Discussion in 'Journalism topics only' started by Mizzougrad96, Feb 27, 2007.

  1. BillySixty

    BillySixty Member

    There was once a kid in a journalism class at my school that tried to pass himself off as a reporter from the student paper. That didn't fly, especially when he tried to get credentials by saying he was with the student paper. That made for one confused SID and one angry sports editor.

    I never made up quotes for my stories per say, but I did use friends and strongly suggest certain things to say. If only I could do the same now...
     
  2. Tom Petty

    Tom Petty Guest

    wow - i wish i'd never read this thread.
     
  3. leo1

    leo1 Active Member

    so we can safely say none of these kids will become f'in studs?
     
  4. Danny Noonan

    Danny Noonan Member

    Guess I'm stone-age school since it's been 25 years since I had to class assignments, but never ever did a dishonest story or interview or make up quotes for a j class. Was always up front and said this is for a class assignment...and people were willing to do it. Never a problem. If I didn't get it done, didn't get it done, oh, well, took my nice 2.5 GPA to the major metro daily in town and started writing for them right away. I think that honesty served me well.

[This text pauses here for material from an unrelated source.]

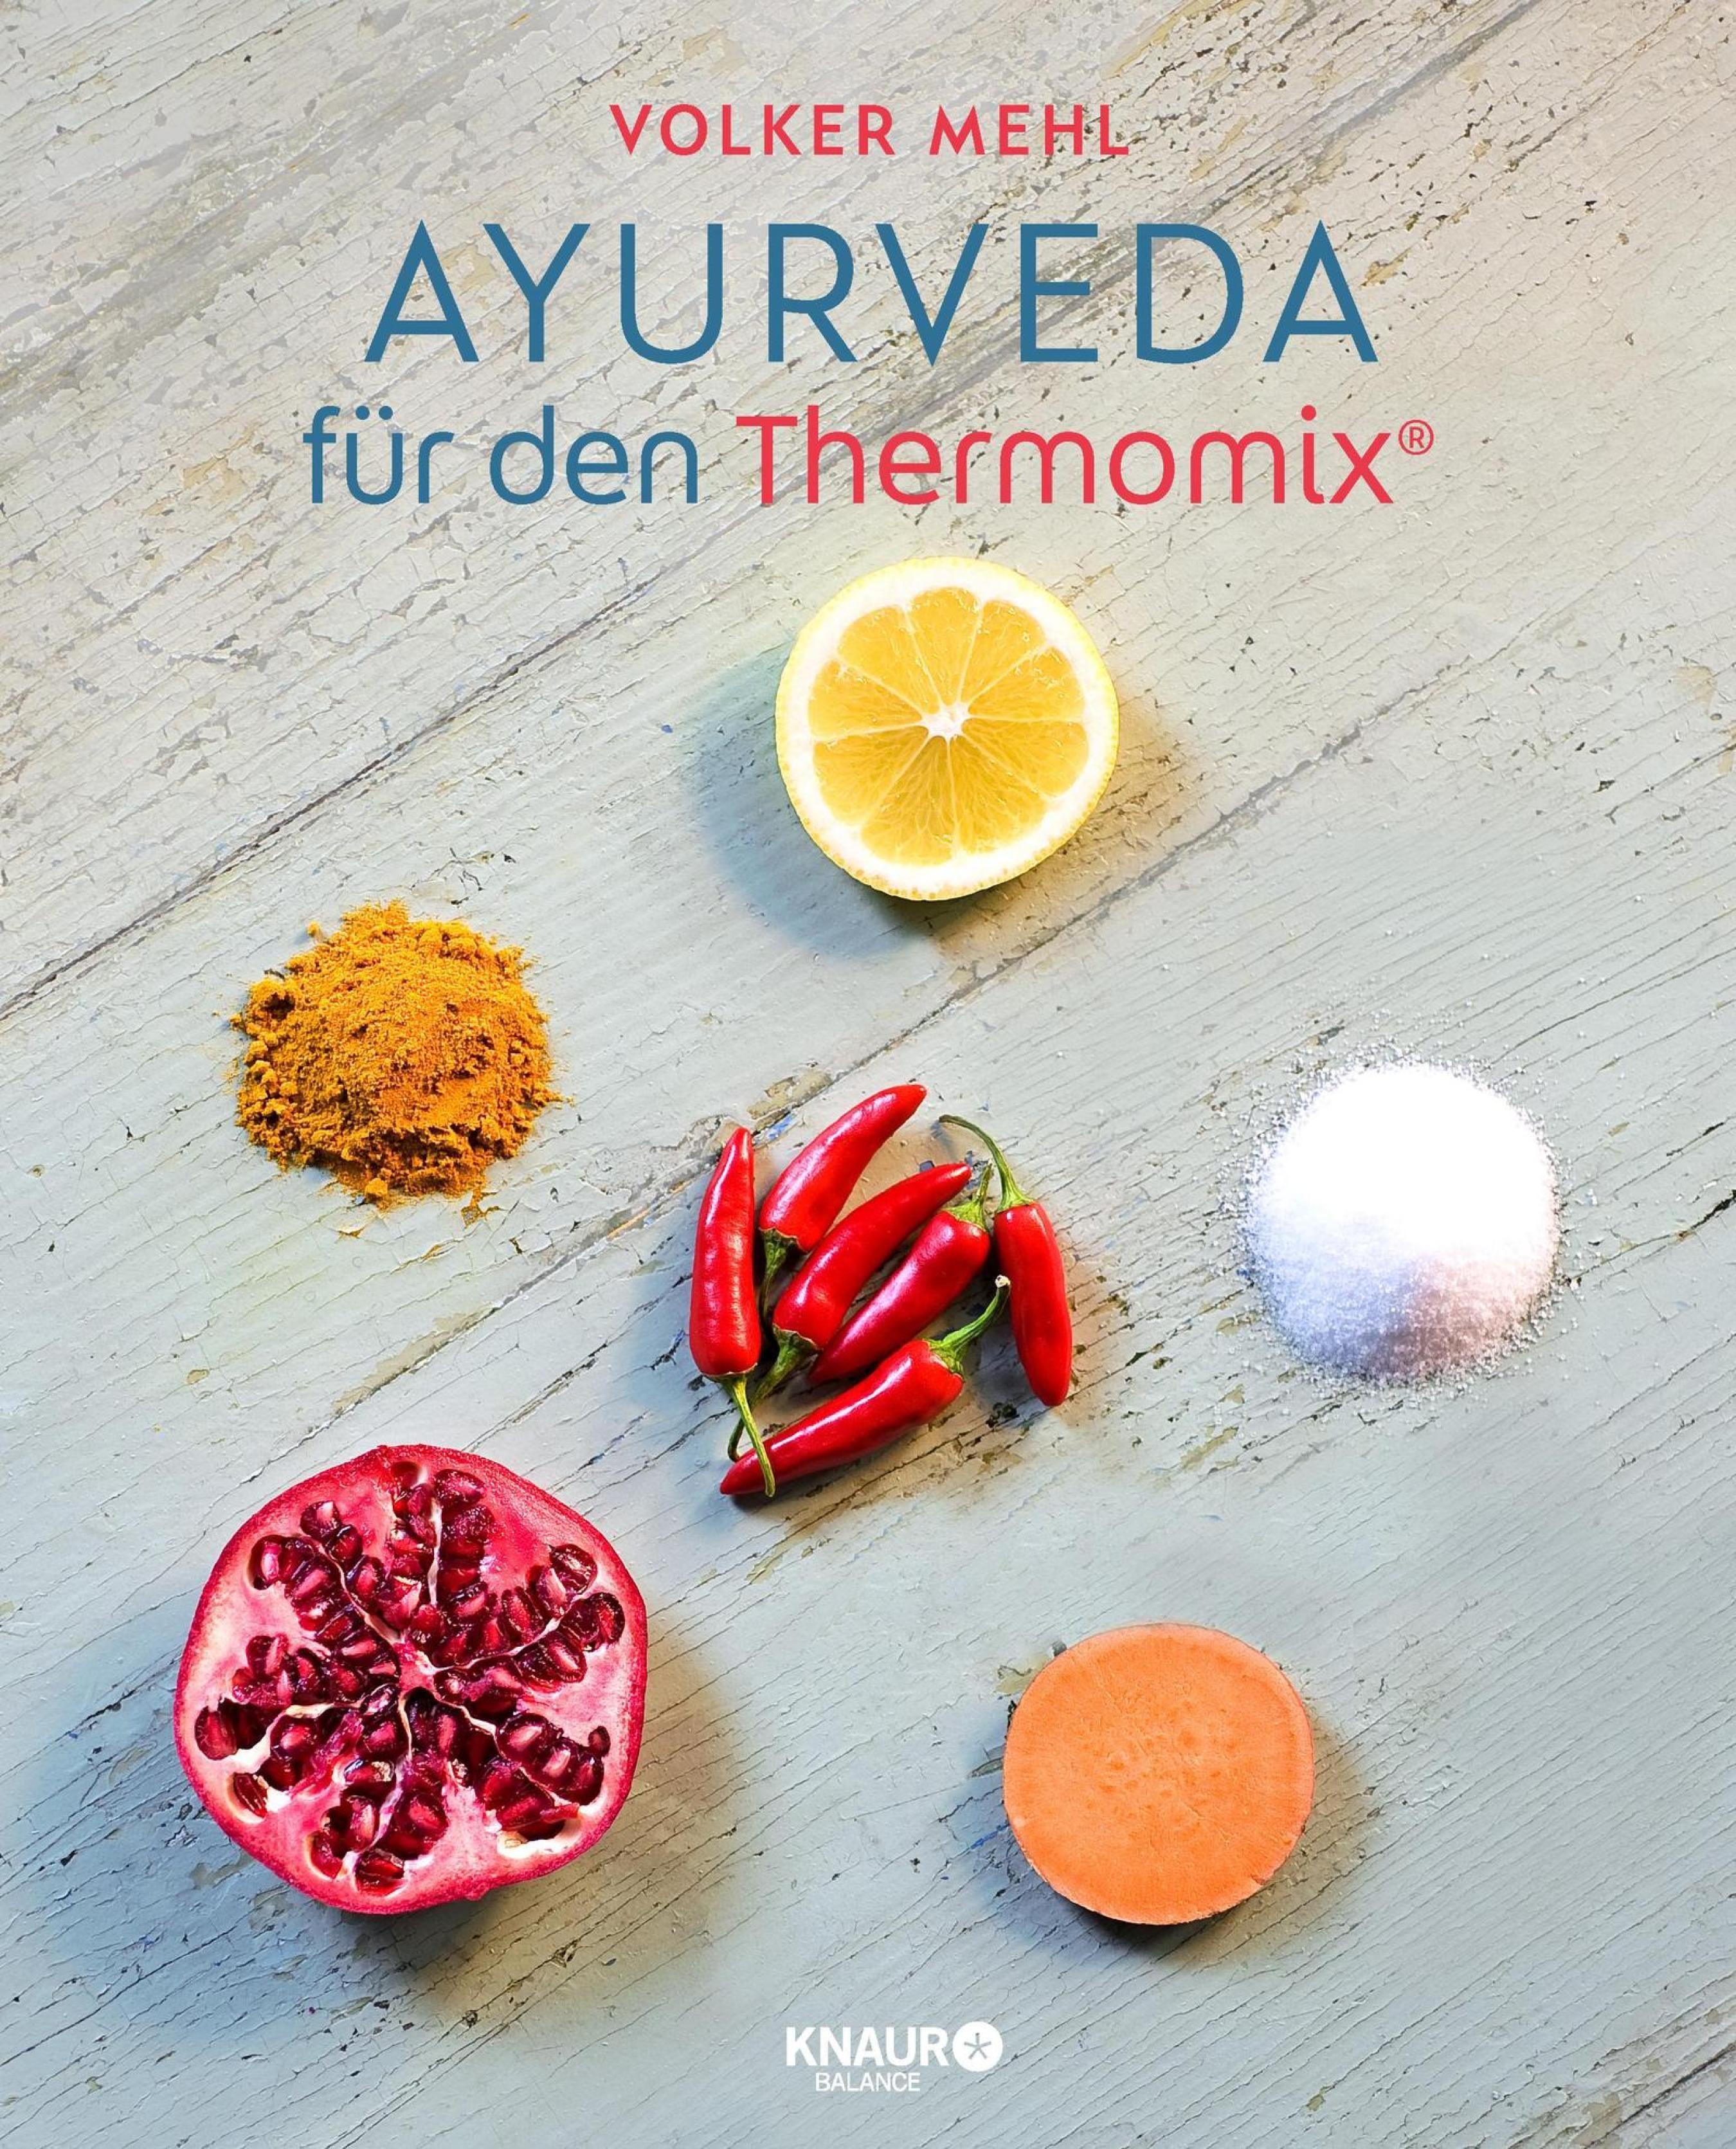 Ayurveda fr den thermomix ebook volker mehl descargar libro pdf ayurveda fr den thermomix ebook volker mehl 9783426440957 forumfinder Images
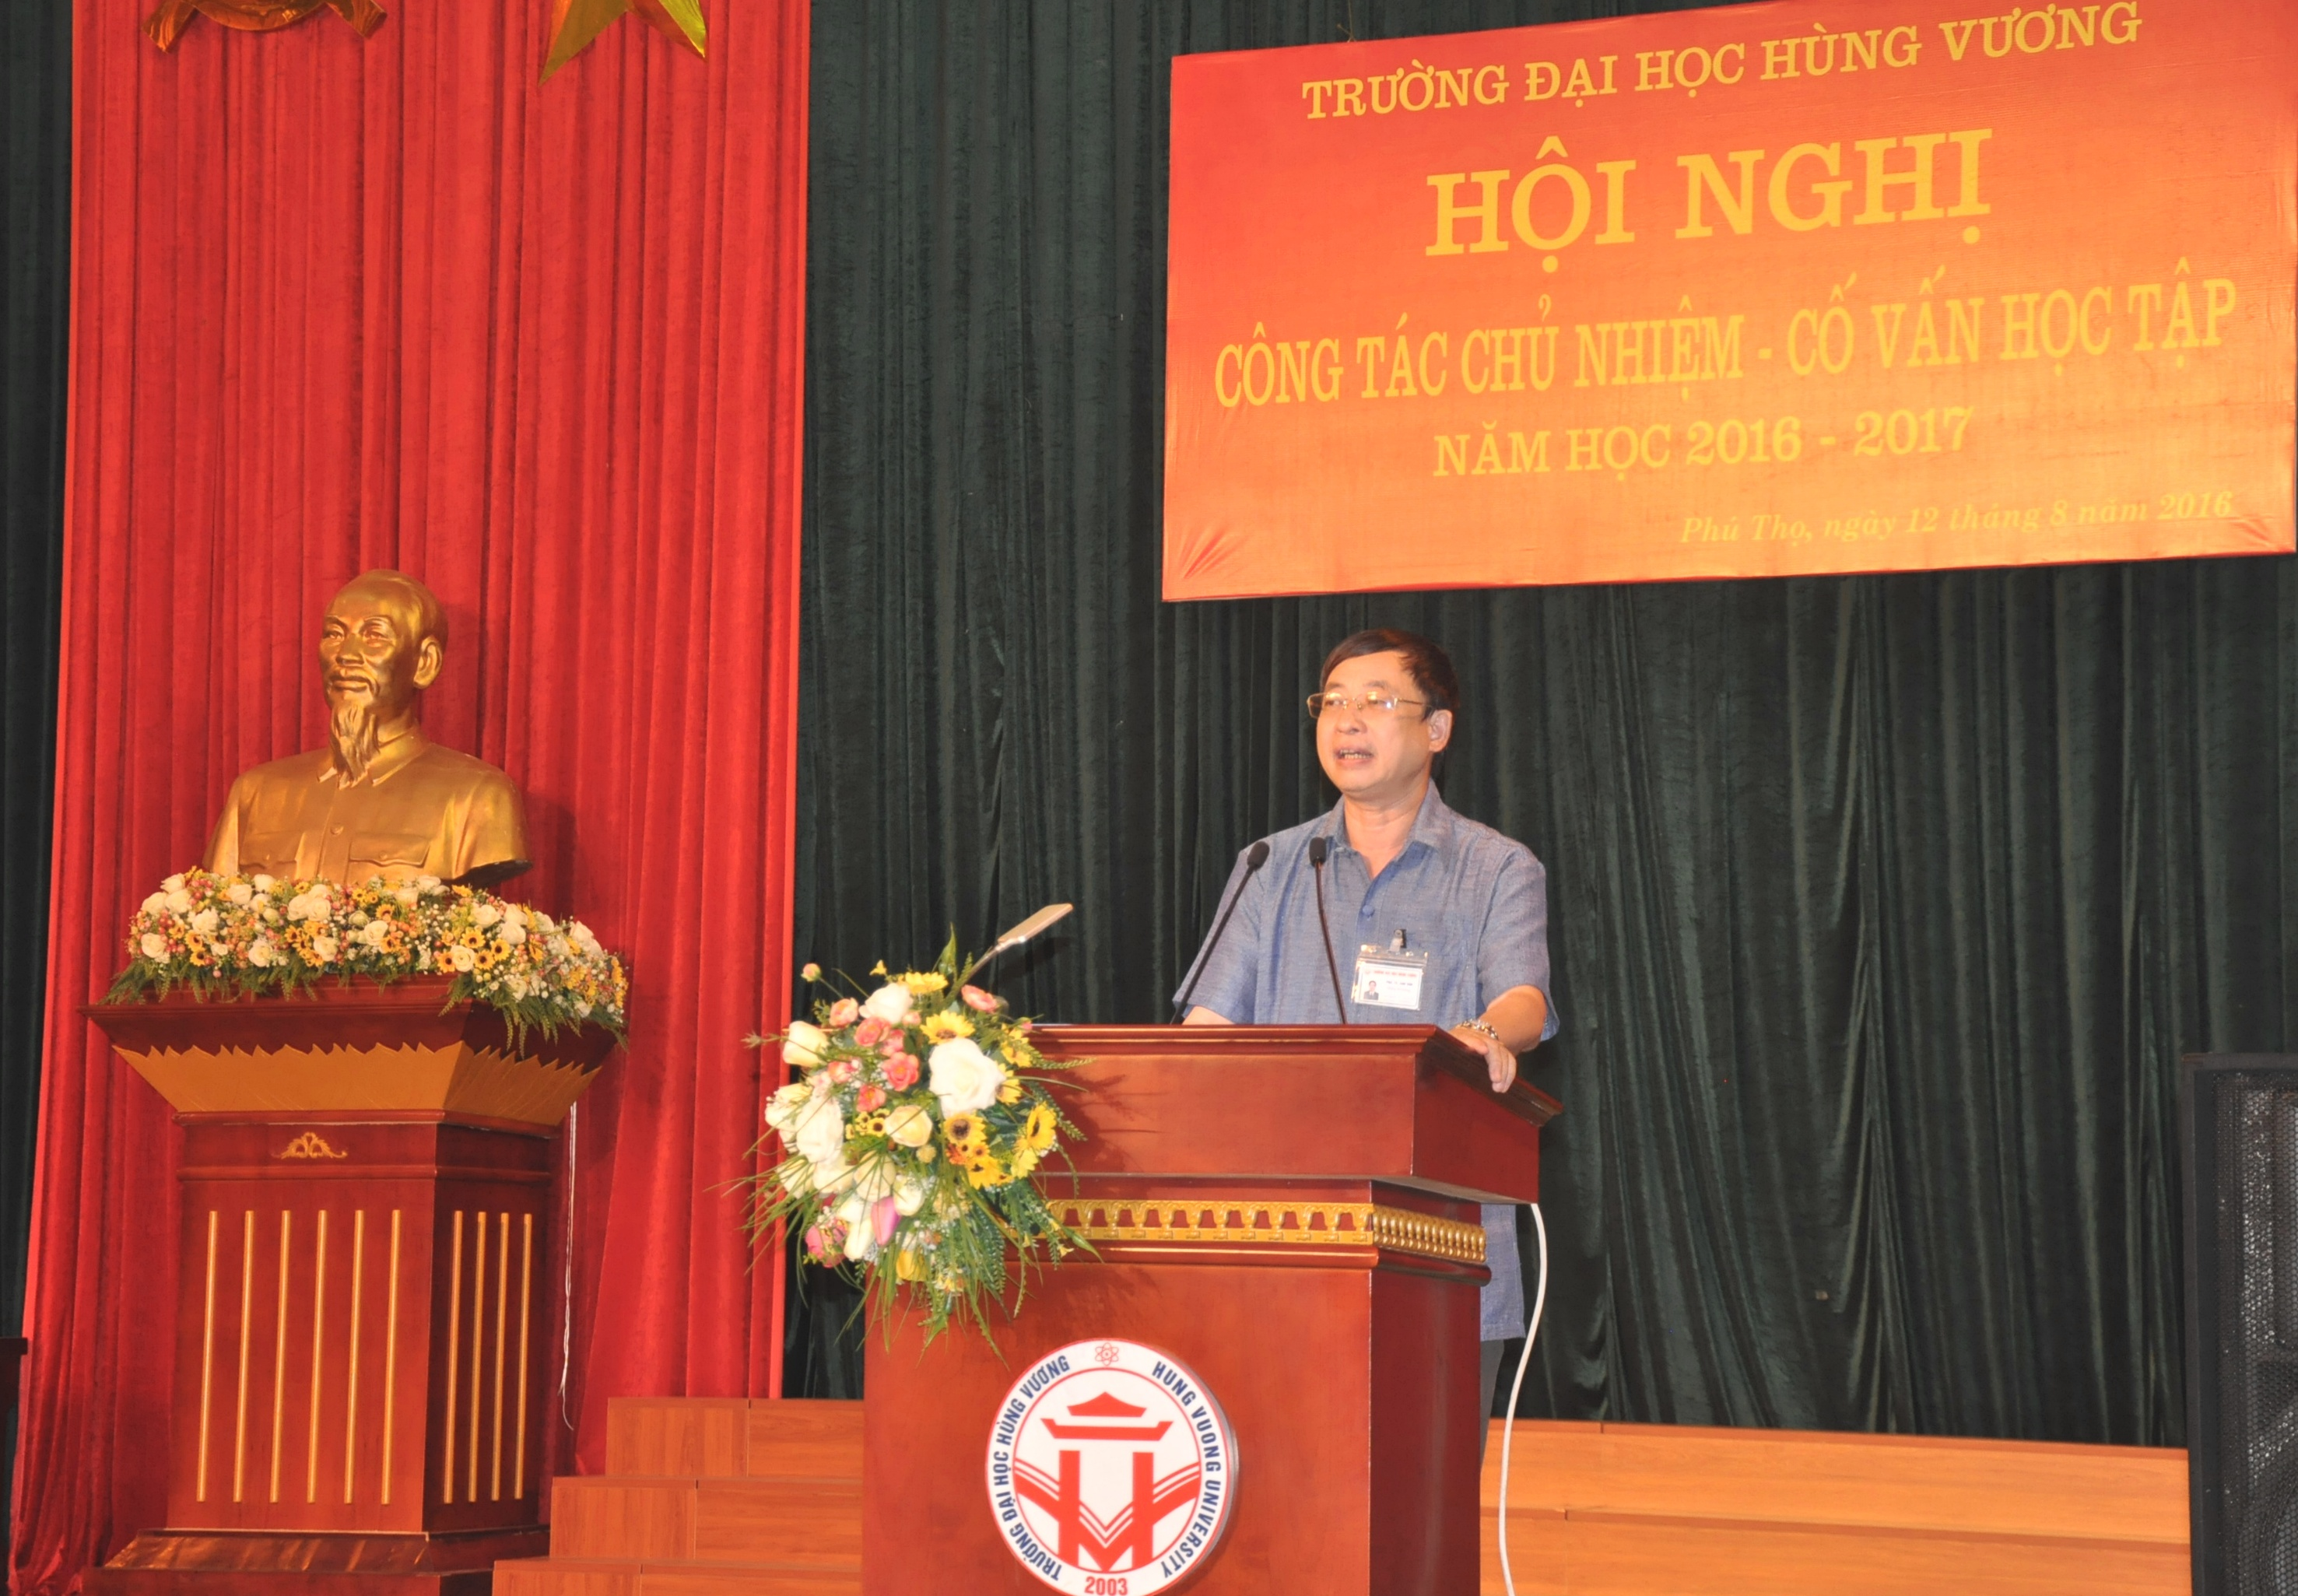 Truong Dai hoc Hung Vuong to chuc hoi nghi cong tac chu nhiem – co van hoc tap nam hoc 2016 – 2017

    You start out in school trying to fake your way to the top, you end up faking a lot of other crap in life as well. Apologies to James Thunder Early for stealing the line.
     
  5. Mizzougrad96

    Mizzougrad96 Active Member

    Well, having read Stephen Glass, the guy was a hell of a writer... He was a complete fraud, but a hell of a writer...

    I got mad at other students in college who interviewed their friends for stories, but there's a big difference between lazy reporting and a complete fabrication...
     
  6. Cadet

    Cadet Guest

    Normally I'm all about defending the young'uns, but I've seen this stuff happen way too often in my undergrad and grad J-school.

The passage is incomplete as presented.